In World War I, song-and-dance man Jerry Jones is drafted into the US Army, where he stages a revue called Yip Yip Yaphank. It is a rousing success, but one night during the show orders are received to leave immediately for France: instead of the finale, the troops march up the aisles through the audience, out the theater's main entrance and into a convoy of waiting trucks. Among the teary, last-minute goodbyes Jones kisses his newlywed bride Ethel farewell.

In the trenches of France, several of the soldiers in the production are killed or wounded by shrapnel from a German artillery barrage. Jones is wounded in the leg and must walk with a cane, ending his career as a dancer. Nevertheless, he is resolved to find something useful to do, especially now that he is the father of a son. Sgt. McGee and Pvt. Eddie Dibble, the troop bugler, also survive.

Twenty-five years later World War II is raging in Europe. Jerry's son Johnny enlists in the Army shortly after Pearl Harbor. He tells his sweetheart Eileen Dibble that they cannot marry until he returns, since he doesn't want to make her a widow.

Johnny reluctantly accepts an order to stage another musical, following in his father's footsteps. The show goes on tour throughout the United States and eventually plays Washington, D.C., in front of President Roosevelt. During the show it is announced that this is the last performance: the soldiers in the production have been ordered back to their combat units.

Eileen, who has joined the Red Cross auxiliary, appears backstage. During a break in the show she brings a minister and persuades Johnny that they should marry now – which they do, in the alley behind the theater, with their fathers acting as witnesses.

Cast

Production
The title of the movie is the same as the title of the stage version of the show. The movie features star appearances by Irving Berlin, Kate Smith, Frances Langford and Joe Louis as themselves. Smith's full-length rendition of Berlin's "God Bless America" is arguably the most famous cinematic rendition of the piece. Louis appears in a revue piece called "What the Well-Dressed Man in Harlem Will Wear", with James Cross (lead singer and dancer), William Wycoff (dancer in drag), Marion Brown (heavyset dancer), and a chorus of perhaps a dozen, the only spoken/sung scene that includes African-Americans. Louis also appears in two other scenes, one in a boxing match, and the second being the stage door canteen number (he did not speak in either scene).
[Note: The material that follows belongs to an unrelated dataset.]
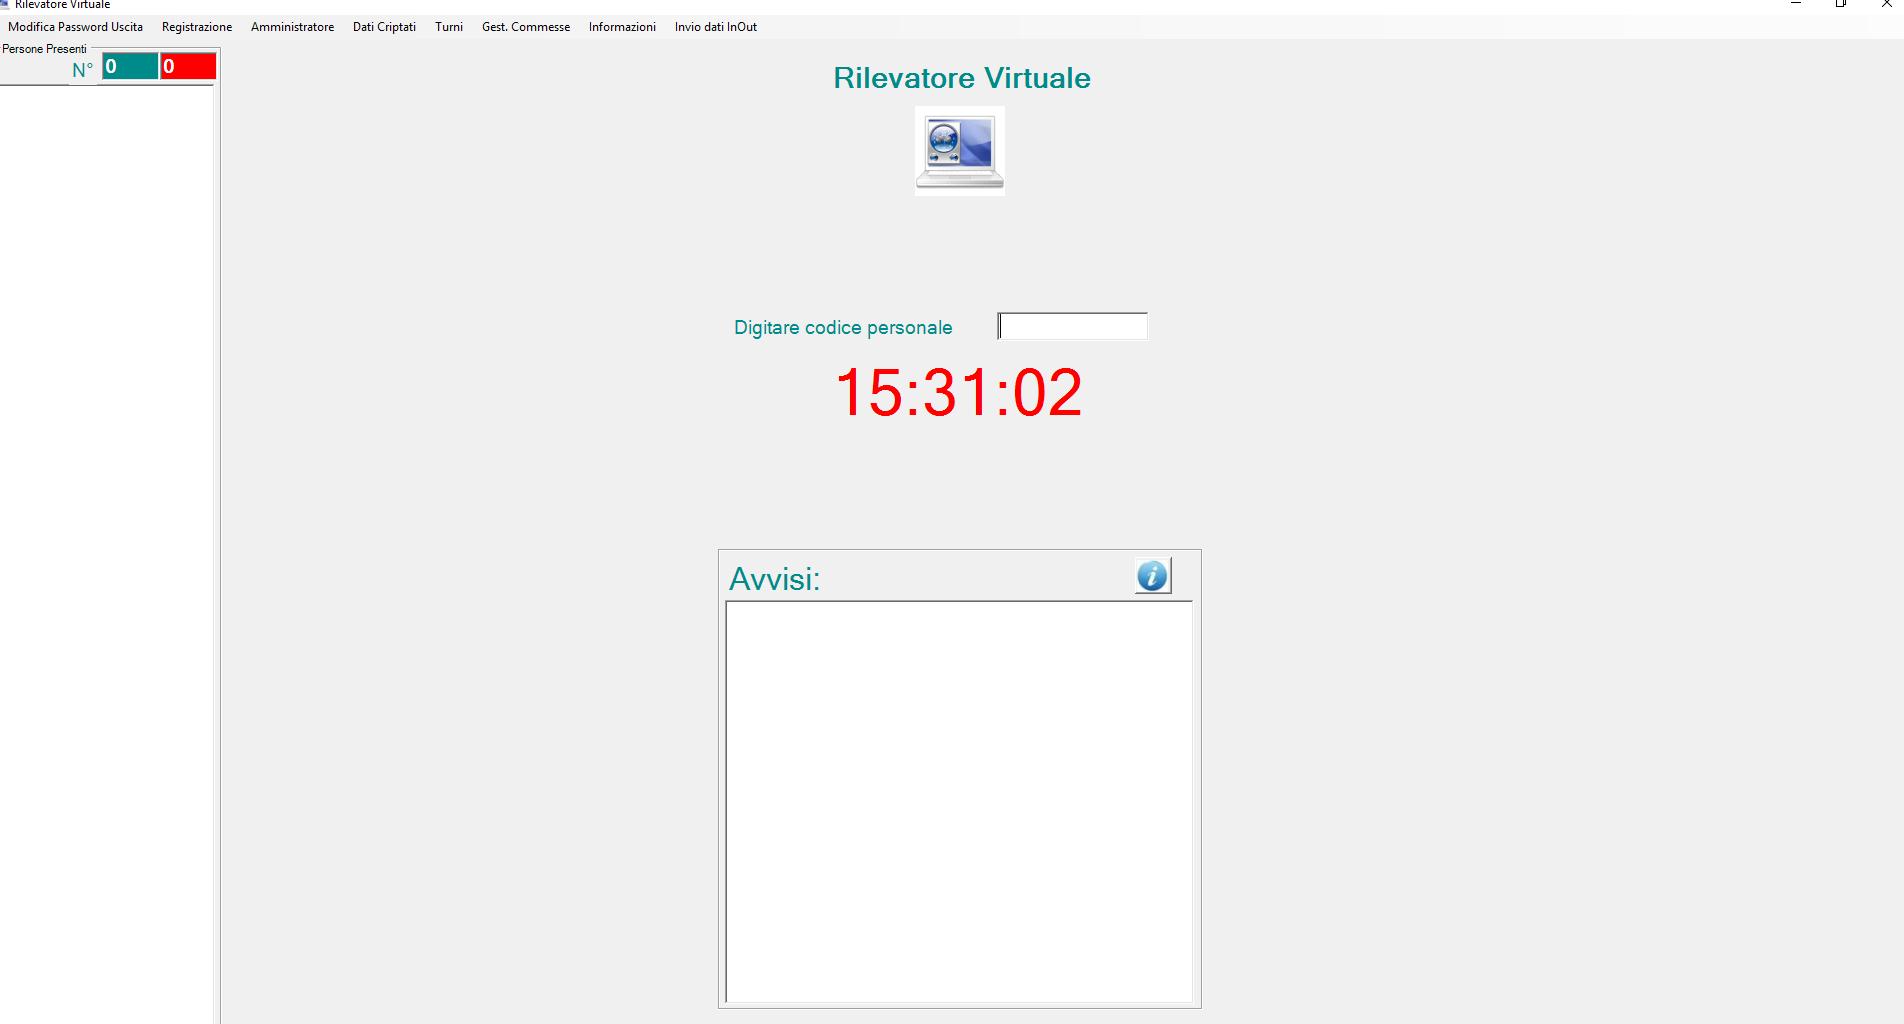 Chiave RFID - rilevatore virtuale

One of the film's highlights is Irving Berlin himself singing his song "Oh! How I Hate to Get Up in the Morning", a scene borrowed from Yip! Yip! Yaphank!.

The celebrity impersonation "hamburger" sequence includes accurate spoofs of Broadway stars Jane Cowl, Lynn Fontanne, Alfred Lunt and Ethel Barrymore, and film stars Charles Boyer and Herbert Marshall.

The revue pieces also include acrobat routines, several comedy pieces, including one with Hale in drag, a magic skit, a minstrel show sketch (often removed from consumer videos and television broadcasts), and tributes to the Navy and the Air Corps.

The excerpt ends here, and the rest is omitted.